Le rôle déterminant de la famille et de l’opinion internationale
Le calvaire d’Alaa Abdel Fattah a mobilisé sa famille et de nombreuses organisations de défense des droits humains :
- Sanaa Seif, sa sœur, condamnée à trois ans de prison pour son engagement, a elle-même mené une grève de la faim pour protester contre l’emprisonnement de son frère.
- Laila Soueif, leur mère, a multiplié les grèves de la faim, notamment à Londres devant le Foreign Office, perdant plus de 40 % de son poids en dix mois avant d’être hospitalisée.
- Associations internationales et diplomates ont exercé des pressions constantes sur Le Caire, dénonçant l’usage de la torture et l’absence de procès équitable.

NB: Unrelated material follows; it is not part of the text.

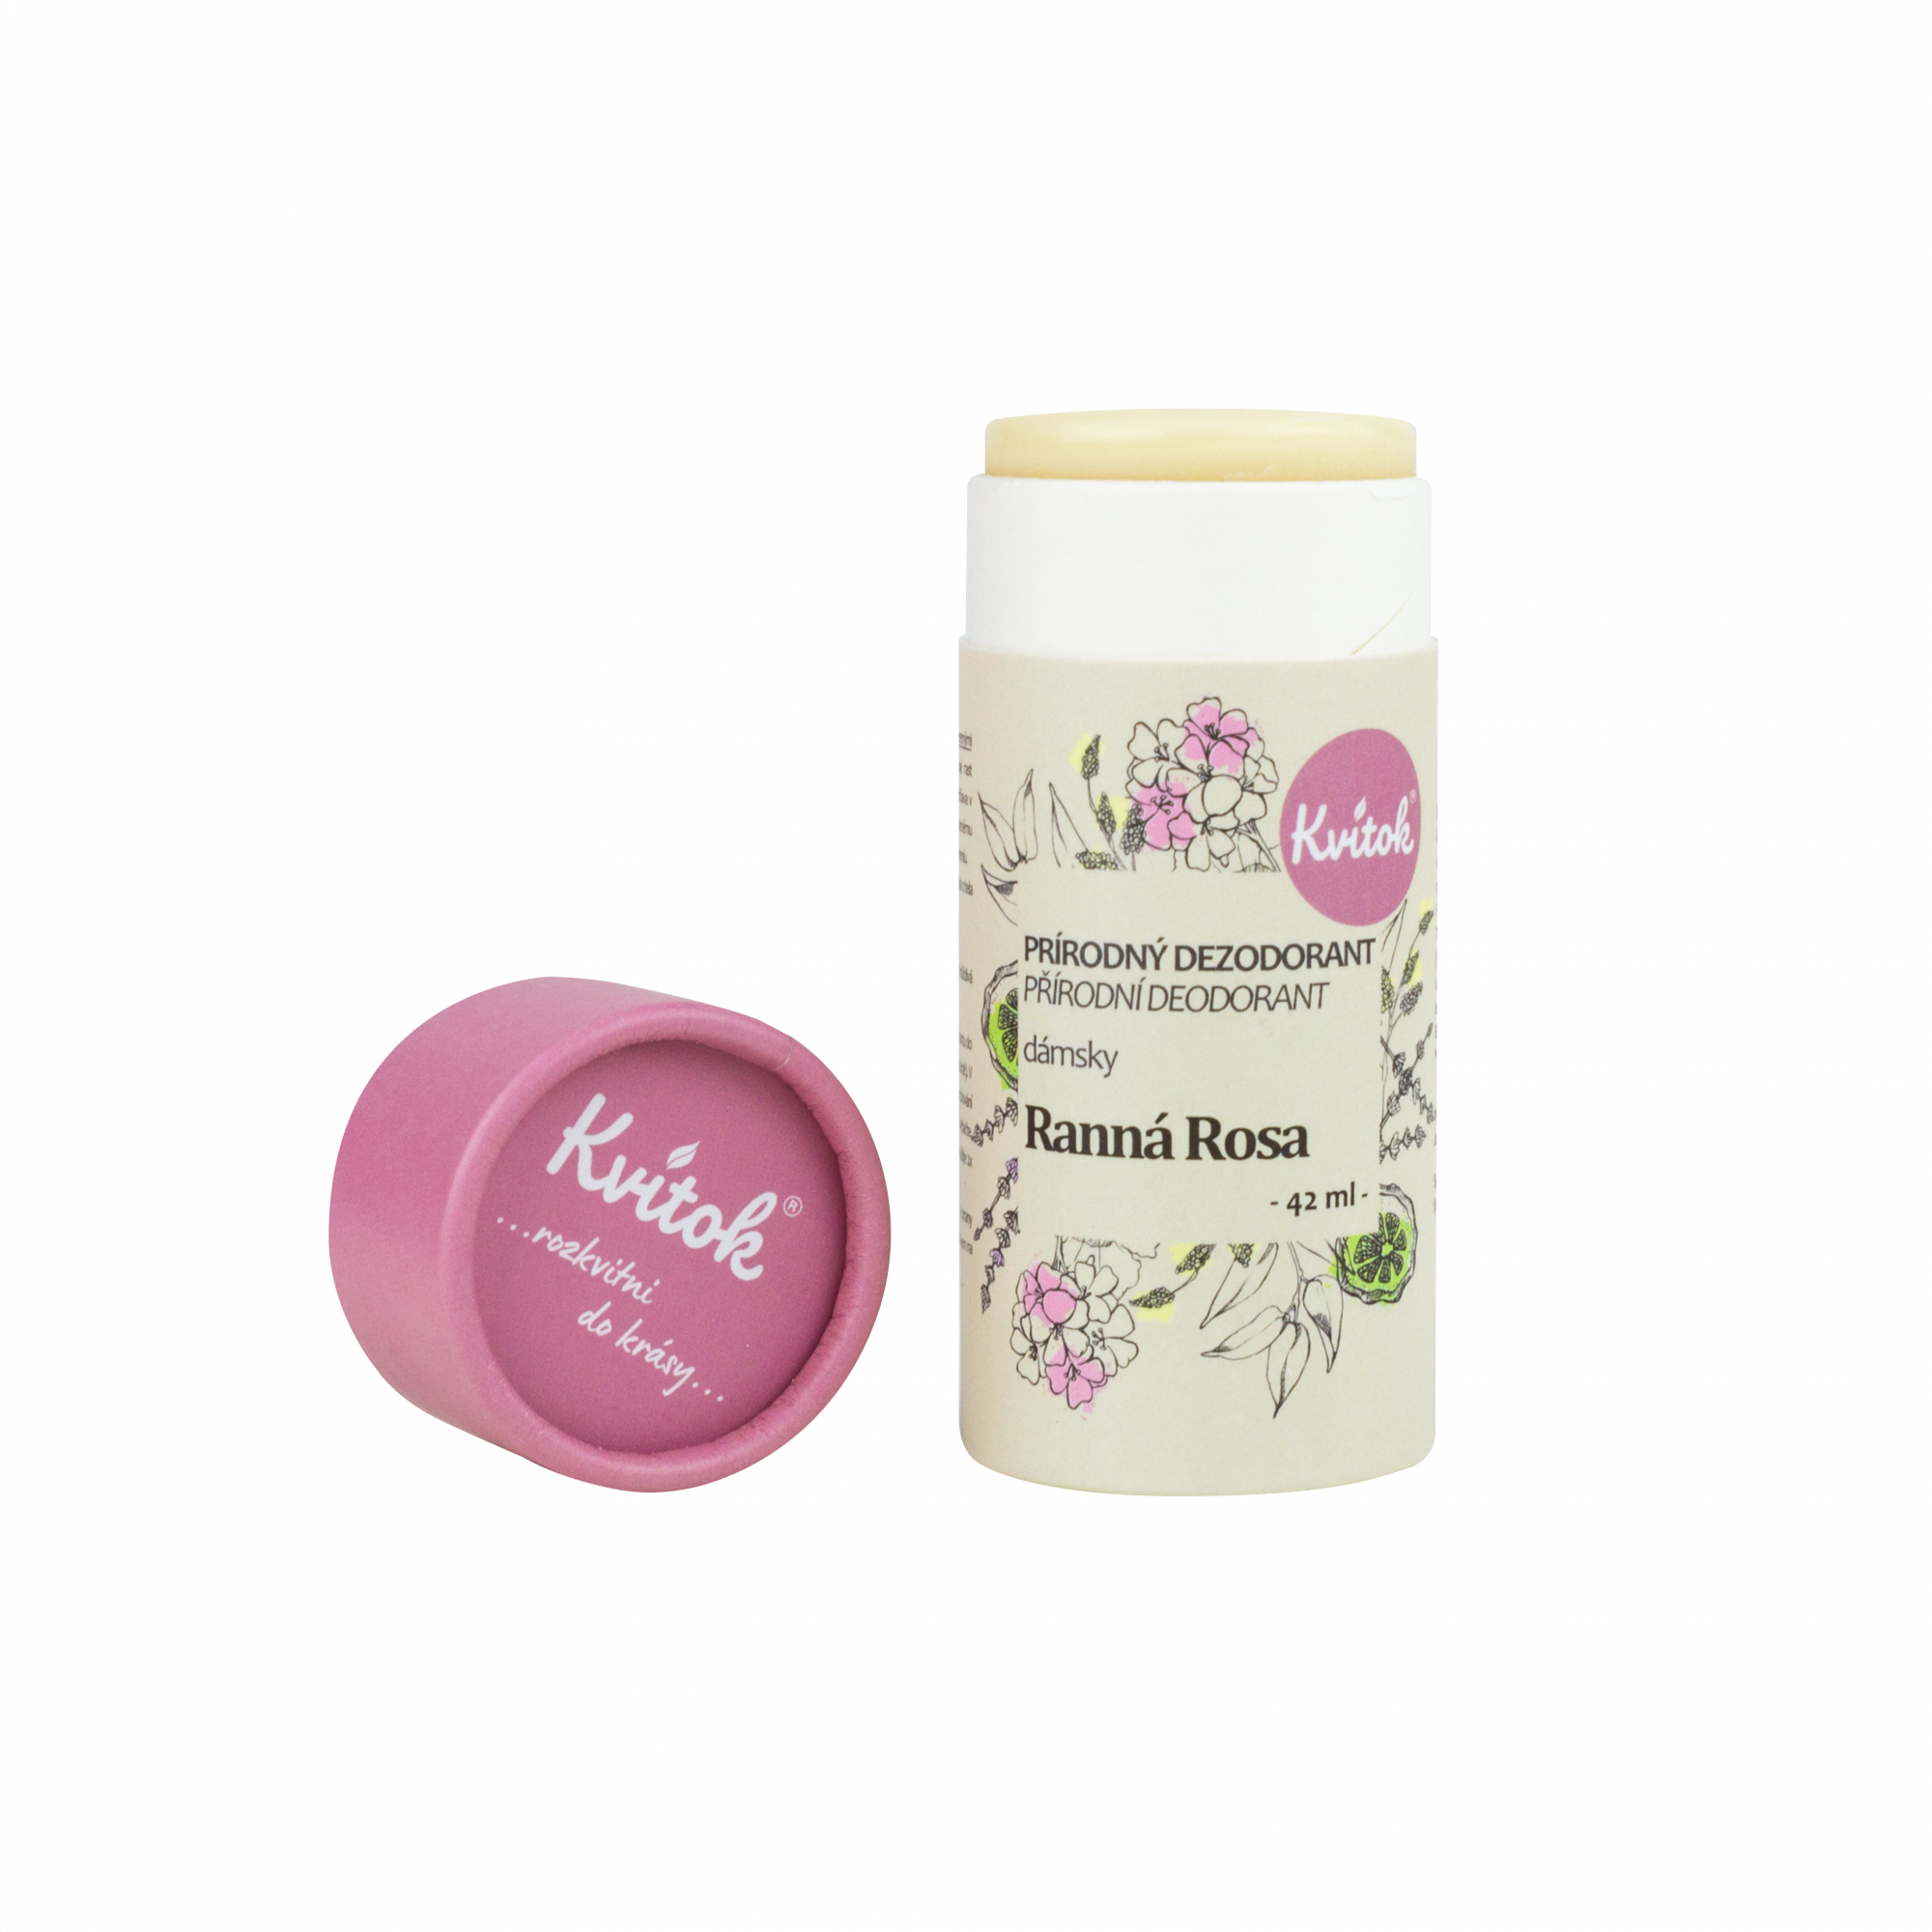 Kvitok Tuhý deodorant Ranní rosa (42 ml) - účinný až 24 hodin Kvitok

Ces mobilisations ont contribué à mettre en lumière le cas de l’activiste et à préparer le terrain pour la grâce présidentielle.

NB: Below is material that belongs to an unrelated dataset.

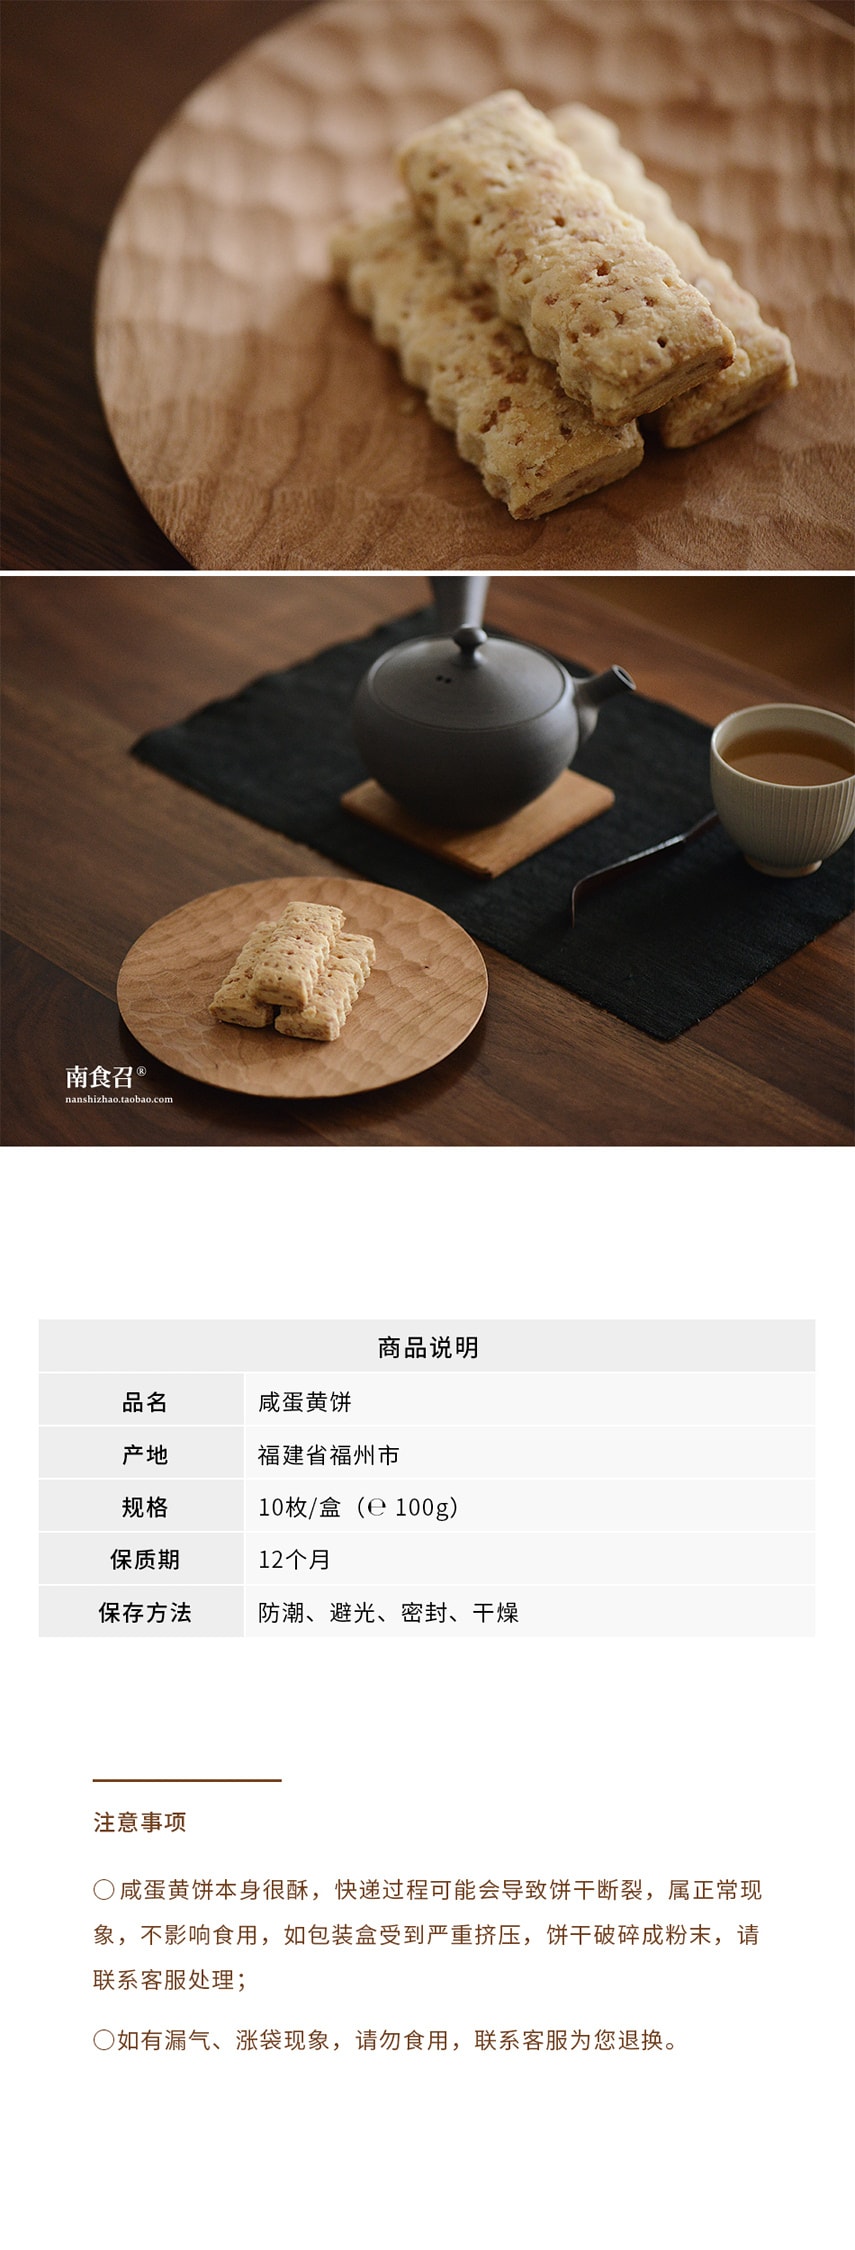 【网红零食】咸蛋黄饼干 100克 本真原味 恩典酥 地道台湾工艺 南食召品牌

Al Sisi, une grâce politique ?
La décision d’Al Sisi intervient après plus de cent mois de détention et alors que le président fait face à des défis économiques et sociaux croissants :
- Refonte politique : cette grâce peut être interprétée comme un geste de conciliation à l’approche de l’élection présidentielle de 2028.
- Pressions internationales : l’Égypte, membre clé du plan de paix au Moyen-Orient, cherche à améliorer son image sur la scène internationale.
- Crise des droits humains : en allégeant symboliquement la répression, le pouvoir tente de désamorcer les critiques portant sur l’arbitraire judiciaire.
Cette décision, saluée par de nombreux observateurs, suscite toutefois des interrogations sur la pérennité de la liberté d’Alaa et sur le sort des milliers de détenus politiques restés derrière les barreaux.
Un symbole pour la société civile égyptienne
La libération d’Alaa Abdel Fattah ravive l’espoir d’un renouveau pour les mouvements pro-démocratie en Égypte :
- Exemple de résilience : son parcours illustre la détermination des activistes face à la répression.
- Répercussions pour la jeunesse : de nombreux jeunes Égyptiens le considèrent comme un modèle de courage et d’engagement.
- Force du réseau numérique : ses stratégies de communication en ligne ont démontré le rôle clé d’internet pour contourner la censure.
En retrouvant la liberté, Alaa Abdel Fattah demeure un porte-voix incontournable pour les voix dissidentes et un catalyseur potentiel pour les futures mobilisations citoyennes.
Les défis à venir
Alors que l’activiste quitte la prison, plusieurs enjeux cruciaux se dessinent :
- Garantir sa sécurité et celle de sa famille, exposées à des représailles.
- Poursuivre le combat pour la libération des autres détenus politiques.
- Conserver l’audience internationale et maintenir la pression sur le pouvoir pour des réformes durables.
Le retour d’Alaa Abdel Fattah sur la scène publique sera sans doute scruté avec attention, tant il incarne un défi pour un régime qui a longtemps cherché à l’effacer.